3. Design workflows with users. Build steps that place the pharmacist at validation points. Keep interfaces simple. Avoid alert overload by focusing on high-risk rules first.
4. Train and rehearse. Run tabletop scenarios for common edge cases to identify and address potential issues. Teach teams how to document AI-assisted decisions.
5. Start small and measure. Pilot at one site. Track accuracy, time saved, intervention rates and patient feedback. Review equality impacts.
6. Iterate and scale. Address pain points, update guidance, and expand to additional use cases once results are stable.
Measuring impact with meaningful metrics
Evidence should capture safety, efficiency and equity.
Safety. Rate of prevented dispensing errors, reduction in high-risk interactions, adherence to monitoring prompts, and documented overrides with justification.
Efficiency. Time saved per task, consultations delivered per full-time equivalent, turnaround time for prescription queries and stockout rates.
Equity. Performance by age group, deprivation quintile and ethnicity where data are available. False positive and false negative rates across subgroups.
Experience. Patient reported clarity and trust, staff confidence in using tools, and prescriber feedback on the relevance of pharmacist queries.
Limitations, uncertainties and research needs
Several constraints remain. Many reported gains come from single-site examples and early deployments. Generalisability is uncertain. Data quality varies across different settings, which in turn affects the performance of models. Drift over time requires maintenance resources that organisations may not have budgeted. There is a risk that enthusiasm for automation could deskill teams if supervision is weak. Digital exclusion is a live concern in communities with low access or confidence. Rigorous studies that compare AI-supported models with standard care on hard outcomes are still limited. Future work should prioritise multicentre trials, robust post-market surveillance, and open reporting of both failures and successes.

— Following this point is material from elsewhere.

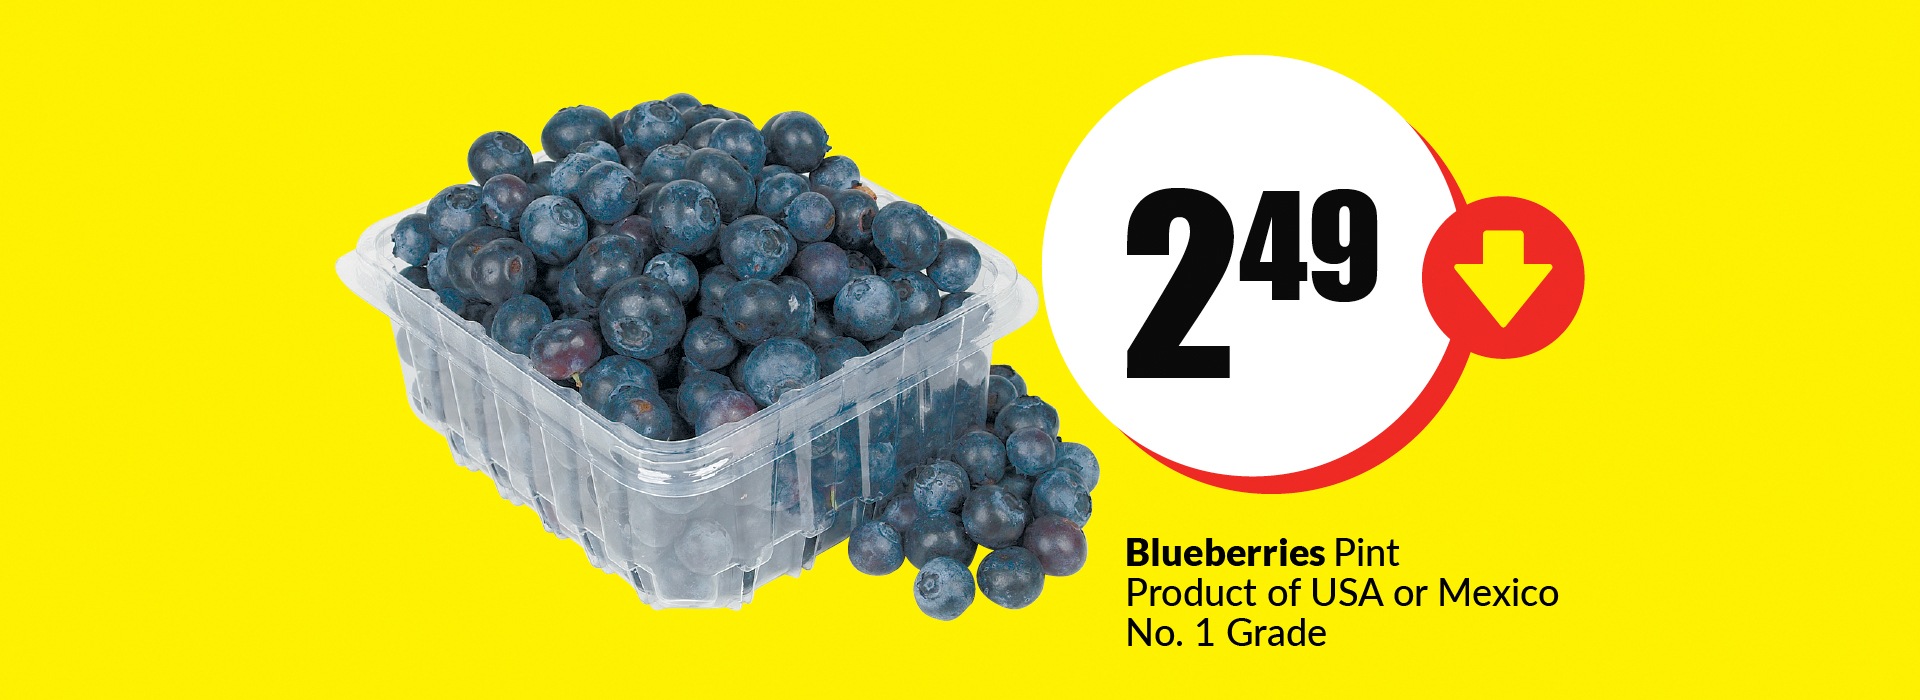 The following image contains the text,"Â Blueberries pint product of the USA or Mexico No. 1 Grade. Get them at $2.49."

Practical guidance for day one safe use
Keep three rules at the counter. First, always verify identity and context before acting on an alert. Second, document the involvement of AI when it shapes a decision, including the clinical reasoning that led to acceptance or rejection. Third, disclose data uses in simple language and record consent or objections. If a tool’s output conflicts with clinical sense, stop and escalate. Use double checks for high-risk medicines and vulnerable patients. Develop a concise library of standard explanations for common concerns about AI in healthcare, and then tailor them to meet the individual’s specific needs.
Conclusion: moving from pilots to trusted practice
UK health policy is aligning capacity, data, and community access to support AI-enabled care. Public confidence will follow only when people see competent professionals using tools to make their care safer and more personal. Pharmacists are well placed to make that case every day. They convert predictions into actions, catch edge cases that models miss, and explain choices in language patients understand. Think of AI as a microscope. It sharpens detail, but it still needs a trained eye to interpret the view and act on it. When that trained eye belongs to a pharmacist at the heart of a neighbourhood team, AI shifts from scepticism to alliance and from promise to practice.